Oggi la scienza più evoluta concorda con la visione dei grandi mistici del passato, non esiste la materia solida e rigida, tutto vibra ed è in movimento, a velocità diverse tutto si muove. Niente è statico. Mai. Ogni oggetto è composto da atomi, a loro volta composti da particelle infinitesimali che possono manifestarsi come corpuscolo o onda, cioè vibrazione. L’energia che compone la materia si manifesta talvolta come onda e talvolta come particella, i Mantra sanscriti agiscono sulle onde che poi diventano forma e intervengono sulle forme in-formandole con un nuovo messaggio. Se pronunciati bene i Mantra formano e in-formano l’energia sia quella invisibile sia quella visibile che comunemente chiamiamo materia.


OM
“L’infinita potenzialità del suono”, spiega Yogananda, “deriva dal Verbo Creativo OM, il cosmico potere vibratorio che sta dietro tutte le energie atomiche. Qualsiasi parola pronunciata con chiara consapevolezza e profonda concentrazione ha un valore materializzante. Il segreto risiede nell’elevazione del ritmo vibratorio della mente.”

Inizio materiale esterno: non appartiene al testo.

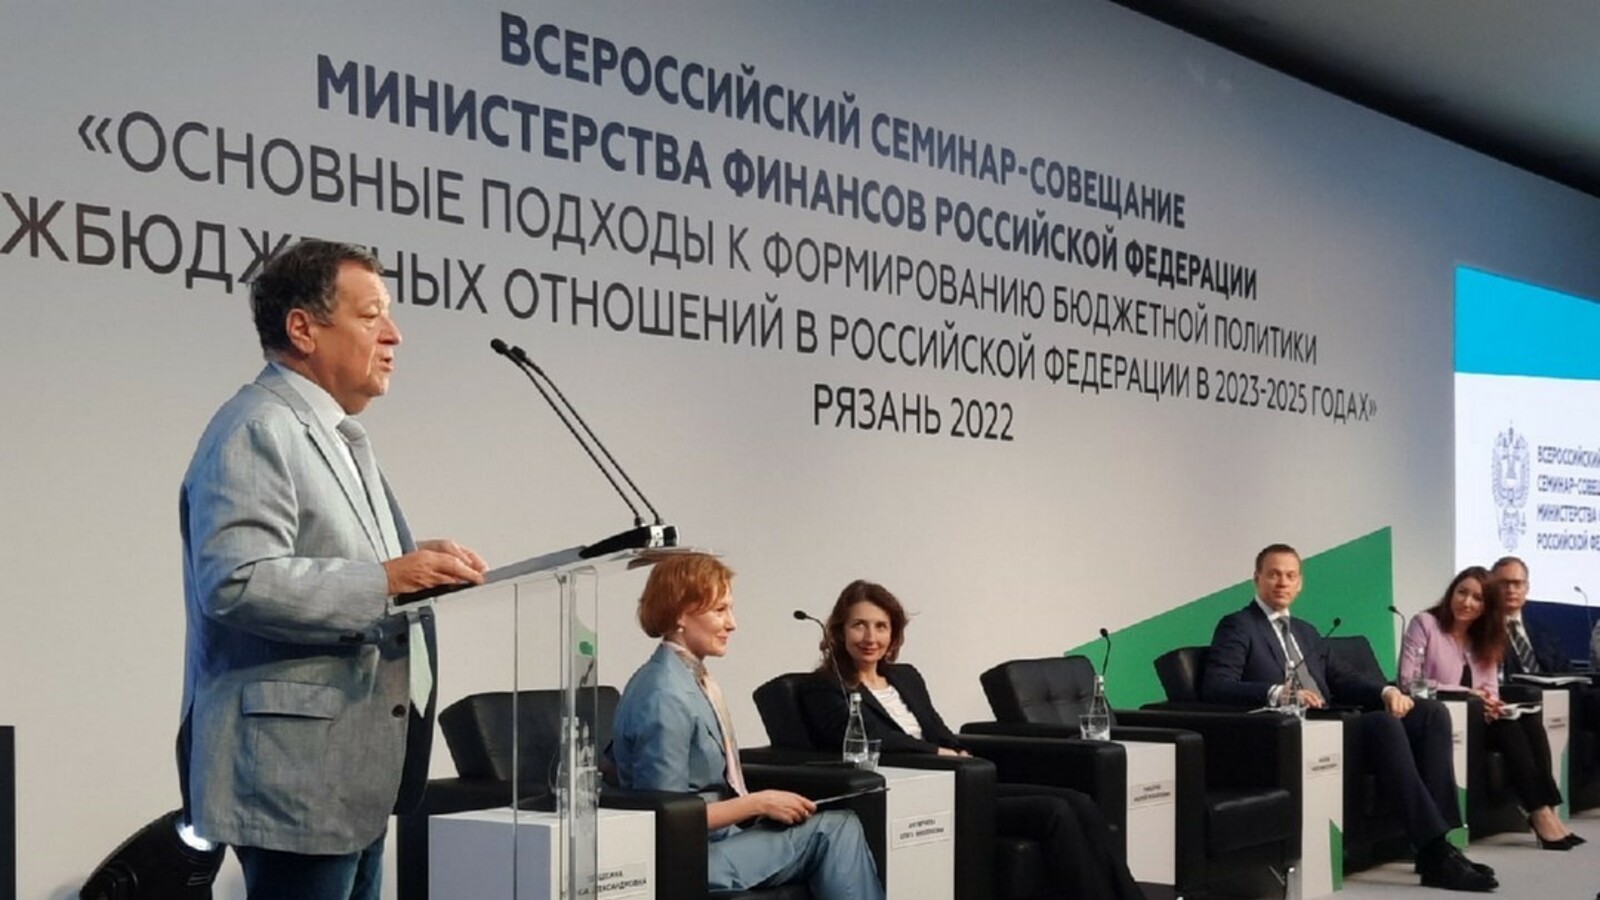 Минфин России провел Всероссийский семинар-совещание для руководителей финансовых органов субъектов РФ

“Meditando sul suono OM la mente si fonde in esso e passa alla pura consapevolezza.”
Nadabindu Upanisad

“Questo giardino dell’universo vibra tutto
alcuni di noi odono un suono così dolce
le vibrazioni salgono dentro di noi per diventare luce.
Raggiungere l’accordo è la speranza della nostra vita
e per alcuni è importante dare un nome all’accordo
così gli hanno dato una parola e la parola è OM.”
i Moody Blues

Secondo i Veda indiani l’universo visibile si manifesta attraverso il Suono, esiste e si mantiene tramite il Suono e poi si dissolve per riaggregarsi sempre attraverso il potere del Suono. Secondo lo Shiva Sutra questo mondo è prigione e sofferenza per chi non conosce il potere misterioso dei suoni, diventa invece gioia e forza per chi conosce e pratica la scienza del suono. Il Mantra Om è il Mantra per eccellenza, il suono eterno e primordiale.
La O rappresenta l’energia che sale dal primo Chakra (elemento Terra) al quinto Chakra (Spazio infinito)
La M rappresenta la vibrazione serena ed autoguarente della mente.


Il Mahamantra
Dopo Om, il Mantra più popolare in India è quello chiamato Maha (grande) ed anche il grande canto della liberazione.
Sono sedici parole ripetute, fate la pausa dove c’è il trattino: Hare Krishna-Hare Krishna-Krishna Krishna-Hare Hare- Hare Rama-Hare Rama-Rama Rama-Hare Hare.
Hare rappresenta la potenza di piacere dell’energia femminile, Krishna e Rama rappresentano il fascino e la forza dell’energia maschile.
Anche i Mantra Sita-Ram, Shiva-Shakti e Om-Mani (il gioiello dell’energia maschile)- Padme (il fiore di loto dell’energia femminile)-Hum hanno il potere di riequilibrare i due emisferi crerebrali.

Om Shanti.
I saggi che scrissero i Veda, dopo aver esaminato la respirazione e il linguaggio, scoprirono che ogni suono ha un suo specifico effetto sensoriale che, oltre all’udito, coinvolge tutto il corpo. Pace in sanscrito si dice Shanti (si pronuncia scianti).
Pronunciando queste due parole, pace e shanti, avremo lo stesso effetto culturale ma un diverso effetto sensoriale. Per dire a qualcuno di tacere viene spontaneo emettere il suono lungo sccc come in sci. L’ascolto del suono Shanti produce un effetto rilassante sui sensi e il sistema nervoso di chiunque anche di chi non conosce il significato della parola.